Hinge Health Stock Rises After Analysts Back the May IPO’s Shares



Wall Street analysts are backing a May IPO that has seen its stock waver since it hit the market.

Shares of Hinge Health rose Monday after Wall Street analysts backed the stock, which remains above the price at which the company first sold shares to the public last month but has dropped below where it started trading on IPO day. 

Hinge (HNGE), a digital physical therapy provider not to be confused with the digital dating service, was recently up 3% to about $36. That compares well with the company’s $32-per-share IPO price—but less favorably with the $39.25 at which it opened its first session. (Read Investopedia’s full coverage of today’s trading here.)
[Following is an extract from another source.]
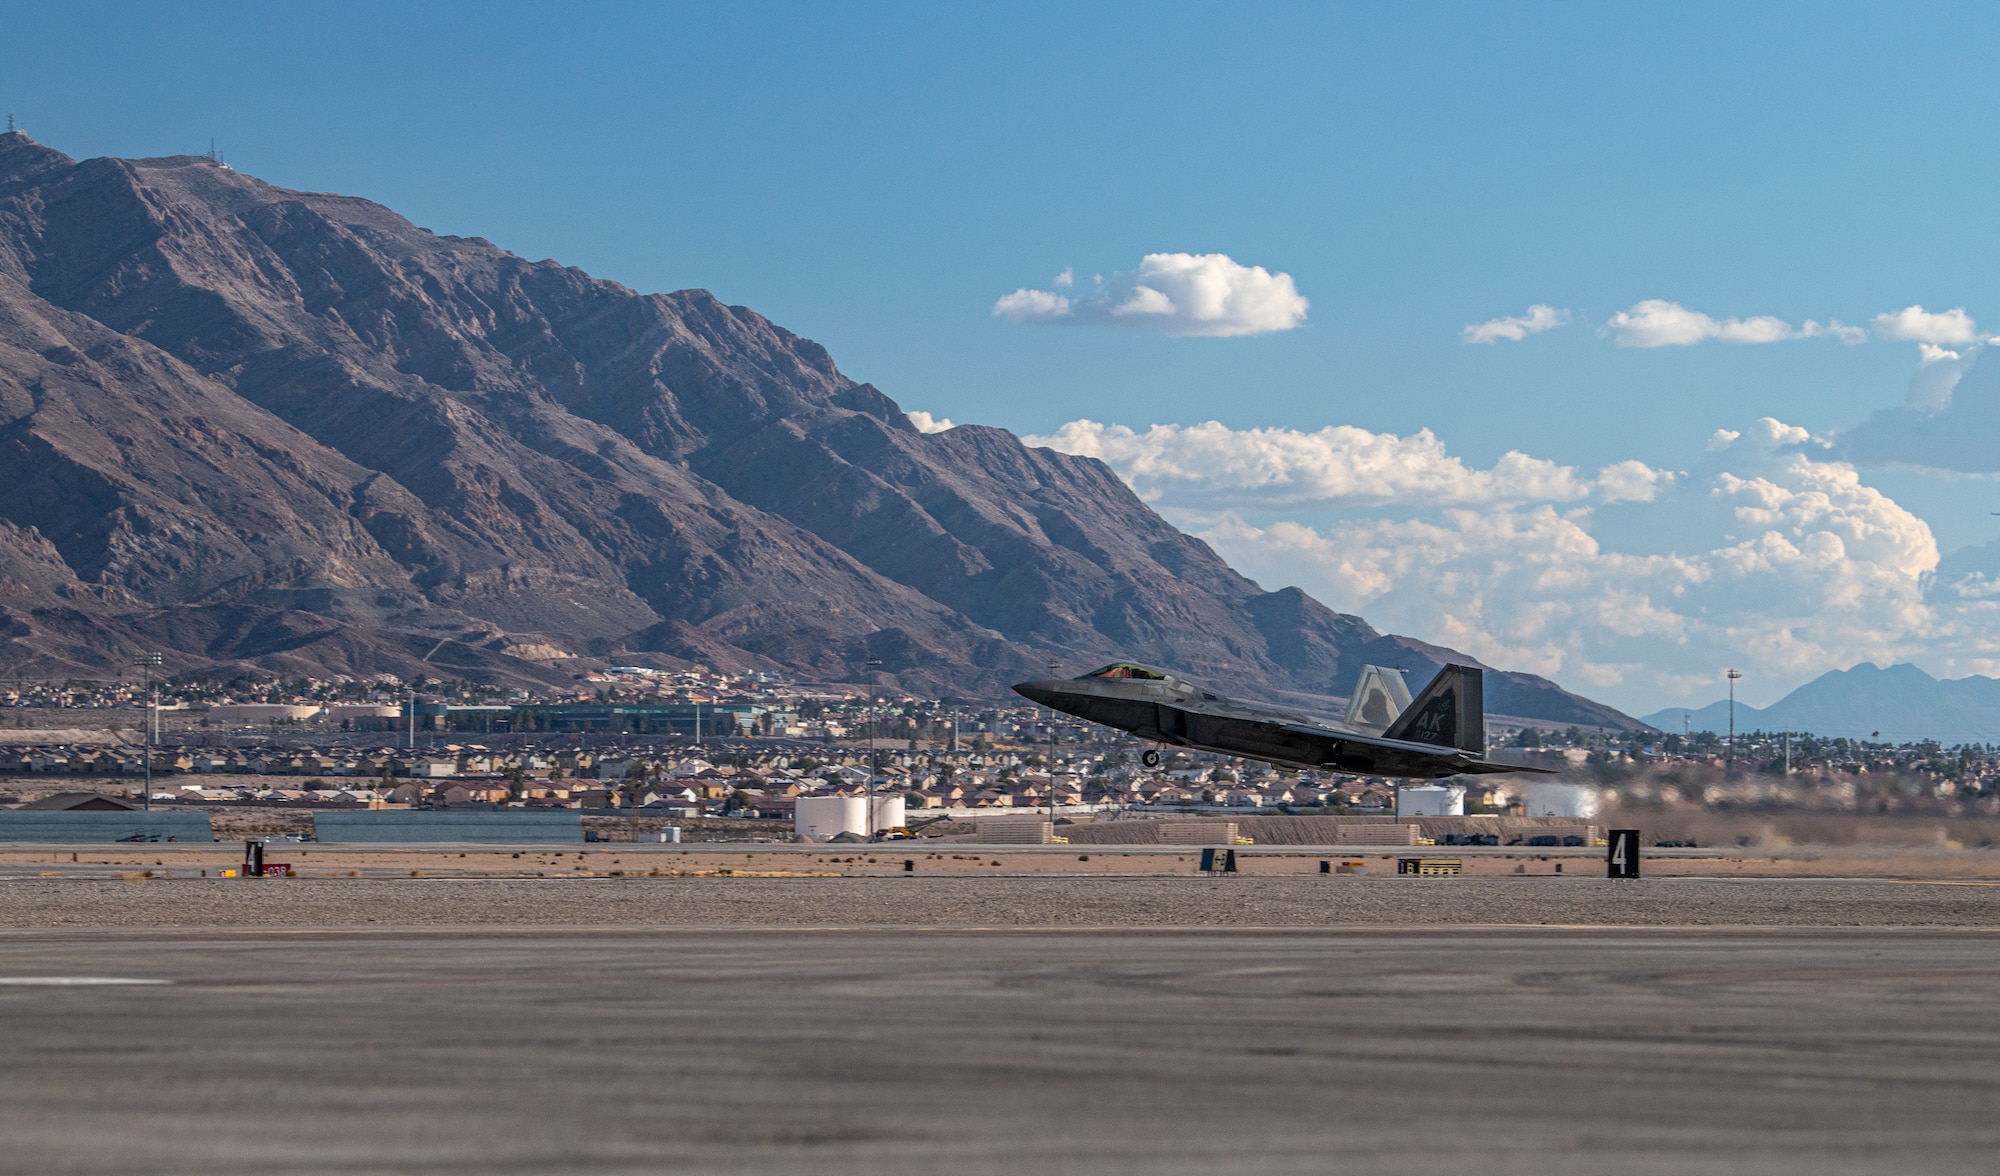 An F-22 Raptor assigned to the 525th Expeditionary Fighter Squadron, Joint Base Elmendorf-Richardson, Alaska, takes off in support of Exercise Bamboo Eagle 24-1 at Nellis Air Force Base, Nevada, Jan. 25, 2024.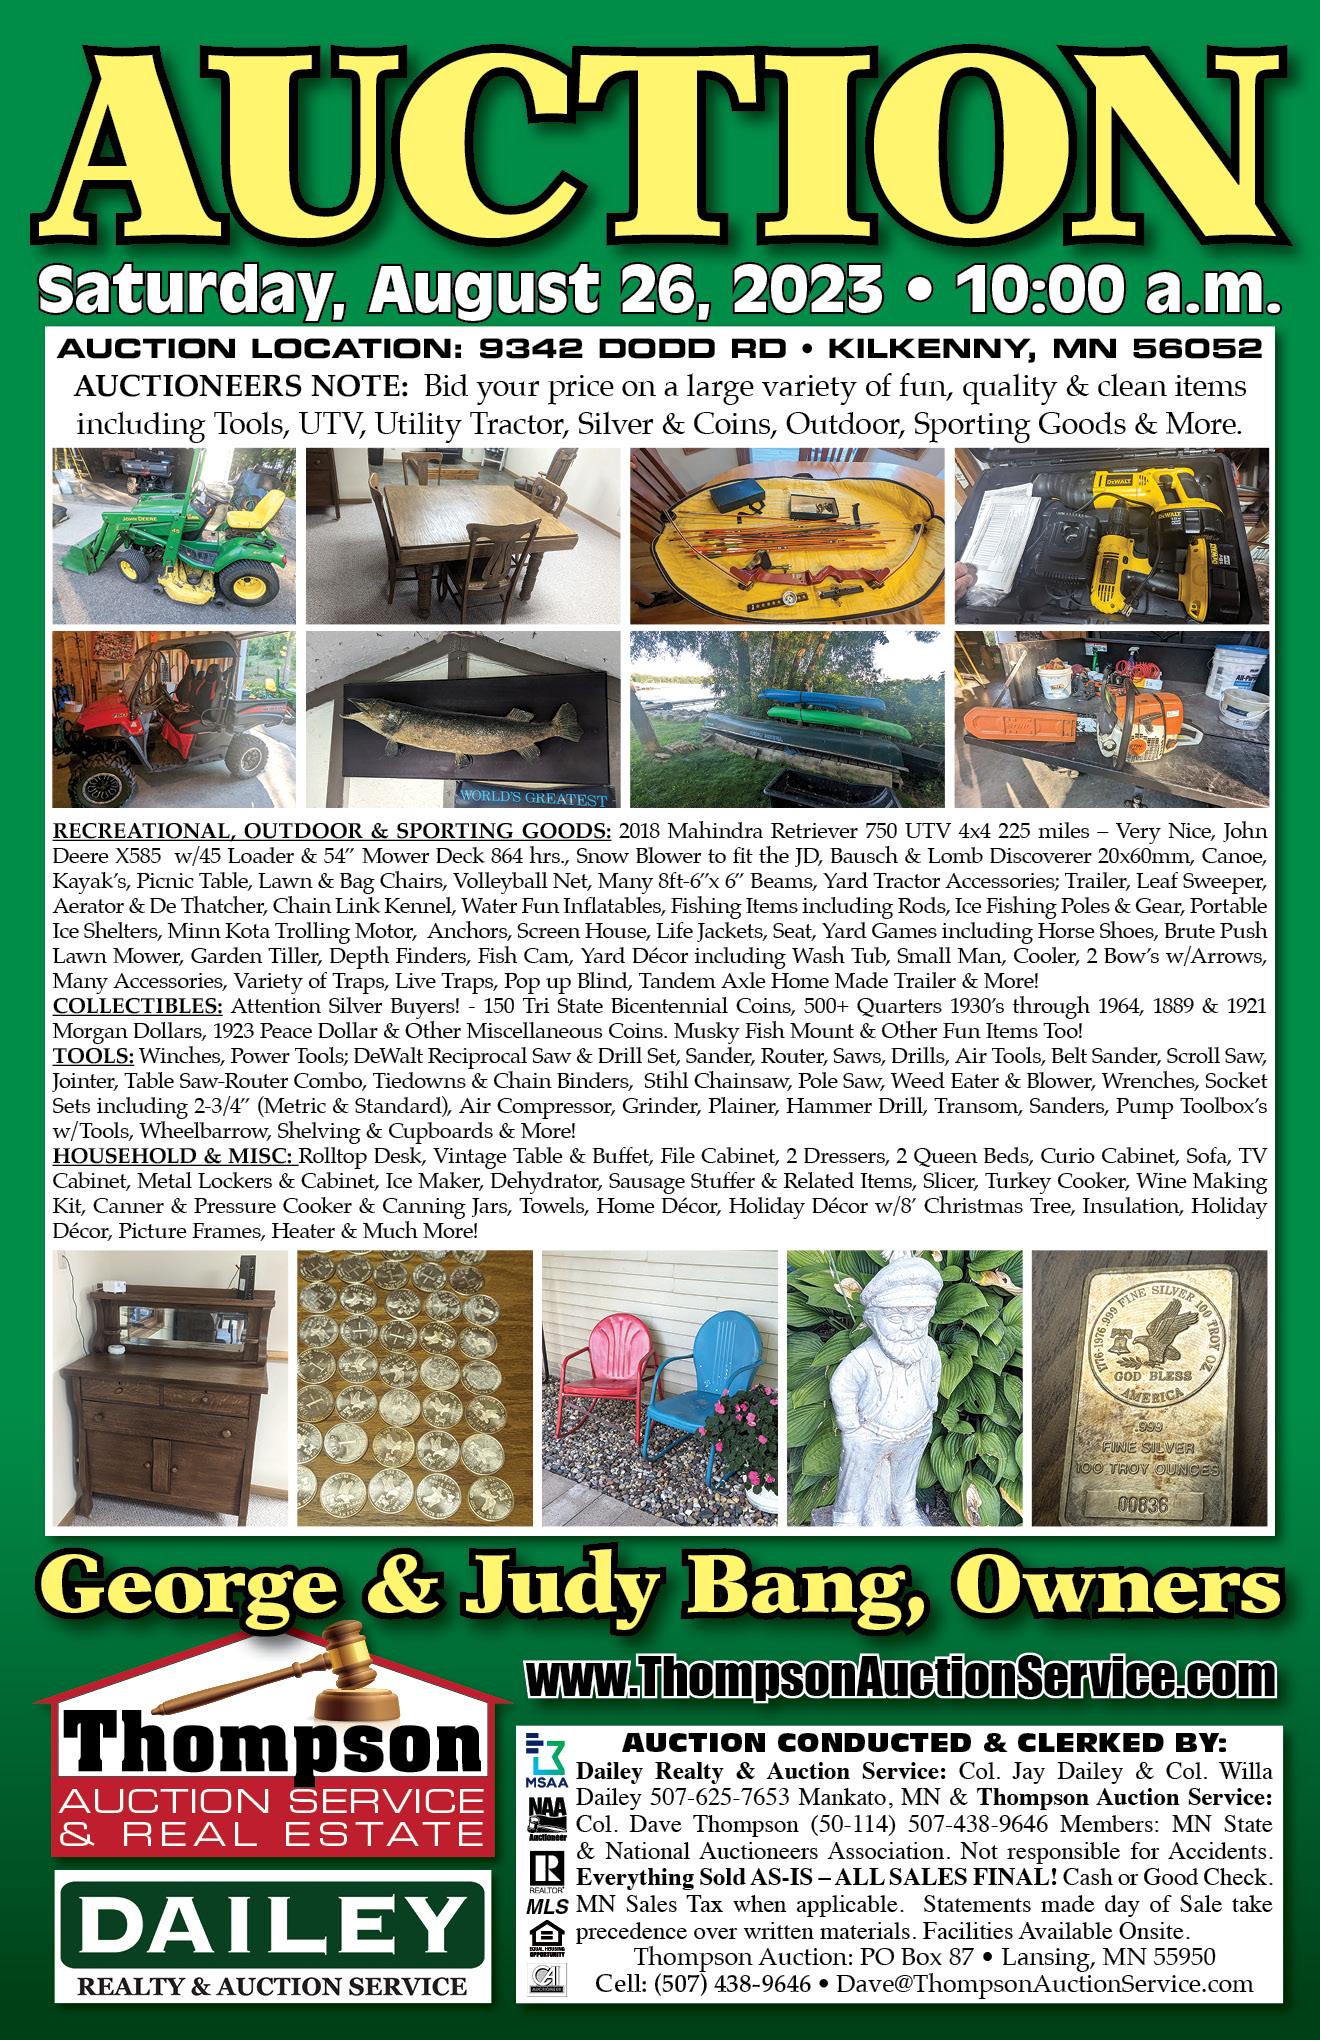 GEORGE & JUDY BANG MOVING AUCTION - LIVE

Morgan Stanley started coverage with an “overweight” rating and a $46 target, while Bank of America now has a “buy” rating and a $42 target. (The shares’ current intraday high, just under $44, was set just a few days after the IPO; their intraday low, below $34, came last week.) 

Bank of America says the company’s addressable market is worth more than $18 billion. 

Digital-health companies with “technology-driven platforms, experienced leadership teams, underpenetrated [total addressable markets] and low customer concentration stand the best chance of success to transition from the private to public markets,” Morgan Stanley wrote. “Hinge Health checks the right boxes.”